One can’t say that writer-director Taika Waititi doesn’t do an efficient job at telling us just what kind of experience Next Goal Wins is going to be right from the outset. After all the studio logos, the very first image we see is of Taika himself, playing an American Samoan priest, explains to the audience the tale of the most embarrassing defeat ever to occur on a soccer pitch: a match from April 11, 2001 when Australia beat American Samoa 31-0.
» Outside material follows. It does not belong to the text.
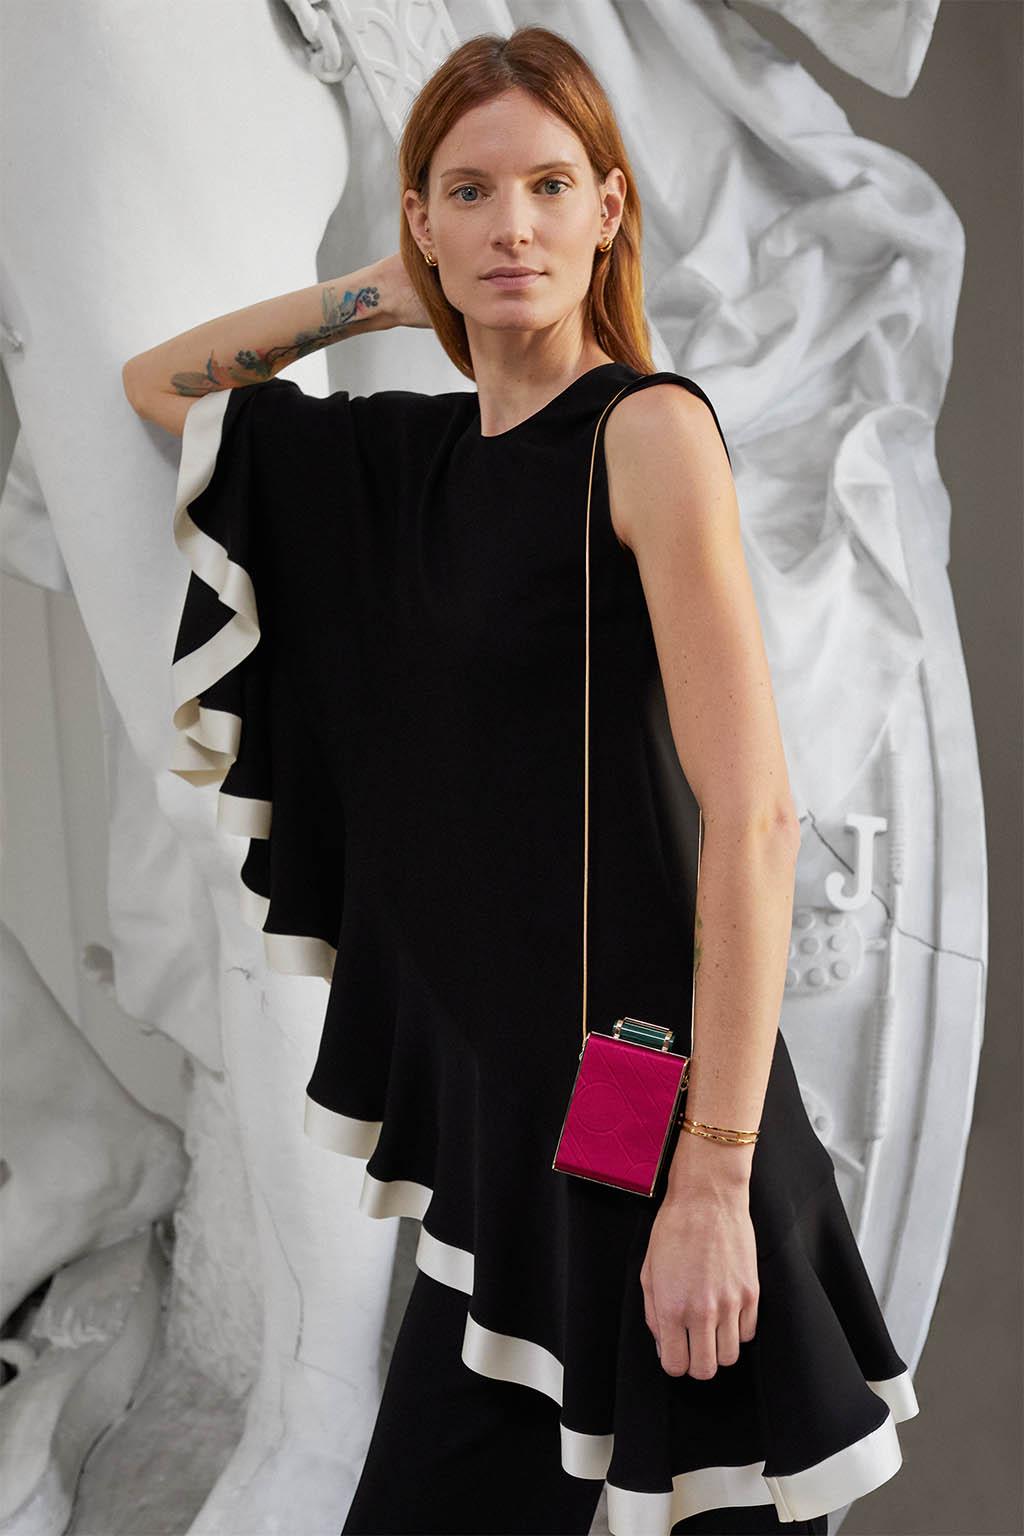 CH Carolina Herrera. New Womenswear Collection Evening. Look 05
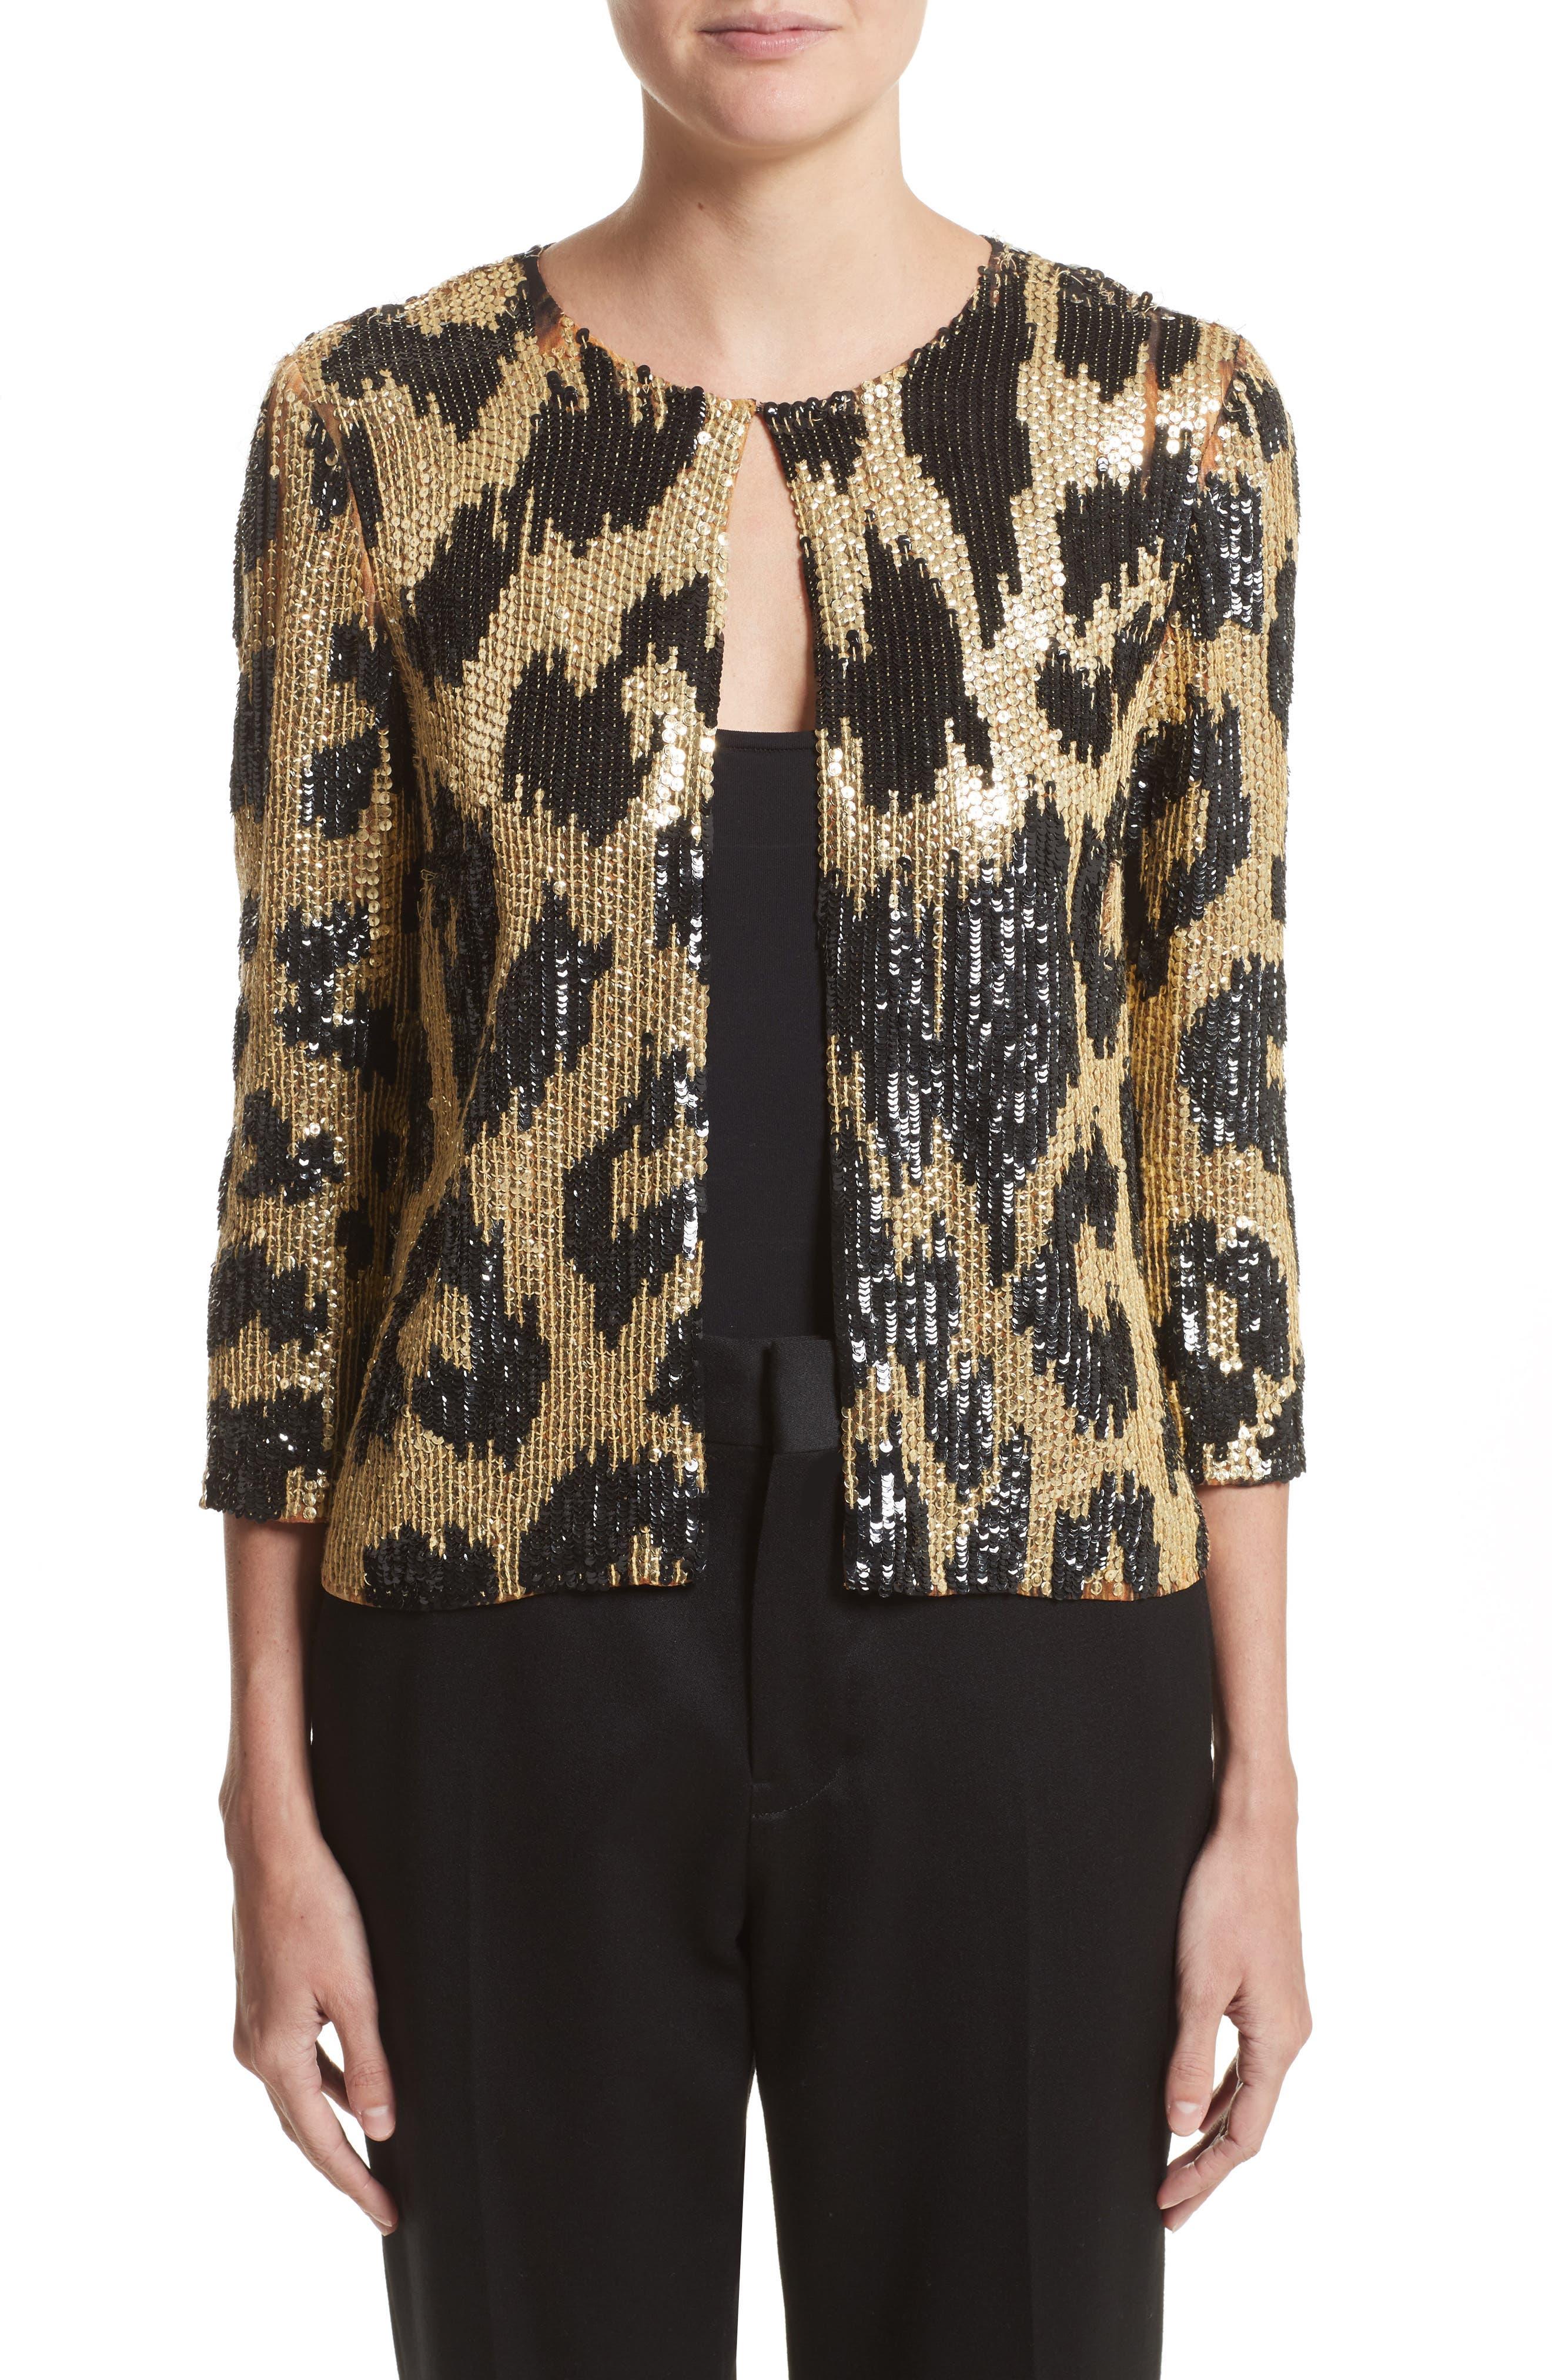 Alternate Image 1 Selected - Naeem Khan Cheetah Print Sequin Jacket

The footage of that match starts both Waititi’s film and the 2014 documentary of the same name by Mike Brett and Steve Jamison that it’s based on. And it’s a perfect way to kick-start a movie about a bunch of loveable losers struggling for the meager goal of scoring a single point in literally any game. The cherry on top of it all is the darkly hilarious moment when American Samoa’s goalie, Nicky Salapu, flops over in a near-fetal position after the game.
But while Brett and Jamison understood that the footage speaks for itself, Taika injects himself and some quirky narration into the footage, which adds nothing but an extra kick while the poor bastards are down. This, as it turns out, is the running motif of Next Goal Wins: taking a story that already has enough tragic comedy all its own and actively adding irritants to it.
The true story in question, and the subject of the documentary, is that, in 2014, the American Samoan team hires former U.S. men’s soccer coach Thomas Rongen to help whip the players into shape. And before any “white savior” alarms are set off, Brett and Jamison’s film becomes less about a white guy showing brown people how to play soccer than it is about Rongen and the team working in tandem trying to translate Samoan culture to the soccer pitch. There’s still some of that in Waititi’s film, but it’s drowned out by the tired sports movie tropes, dated stereotypes, and xenophobic jokes that drop a mile a minute, most of them landing with a thud.
Rongen comes across in the documentary as an ornery but genuinely empathetic sort of guy. It’s not long after his first week of training the team that his curiosity more than his expertise leads the way in how he forges a bond with the players. Waititi’s film, on the other hand, turns Rongen (Michael Fassbender) into a hot-headed Gordon Ramsey-esque blowhard. While, of course, the arc of the film eventually bends him where he needs to go, it’s a long, grating road getting there, in which the generally excellent and game cast of Indigenous actors are mostly affably clueless props in Rongen’s culture-shocked evolution toward being a better person.
Nowhere is this more pronounced and borderline insulting than in the film’s portrayal of Jaiyah Saelua. Her story, as the first trans person to compete in a World Cup qualifier, could probably support a film all on its own. Despite an unassailable performance from newcomer Kaimana, her arc is reduced to fictionalized tension, being deadnamed in a heated moment on the field, forgiving Fassbender’s Rongen for it shortly after, and—despite being made team captain—largely being sidelined until Rongen can come to a catharsis about his own personal tragedy.
The common denominator in the film’s faults is Waititi. His hallmark frivolous sense of humor clashes with the heartwarming emotions at play, the traditional demands of the genre, and the far more engaging emotional honesty of the real story. The stars align for the film only once, in a sequence where four different narrators tell their families about the climactic game against Tonga. Otherwise, Next Goal Wins feels like five different films, all of them failing to coalesce in an effective way because every 30 seconds the script thinks it has to crack wise.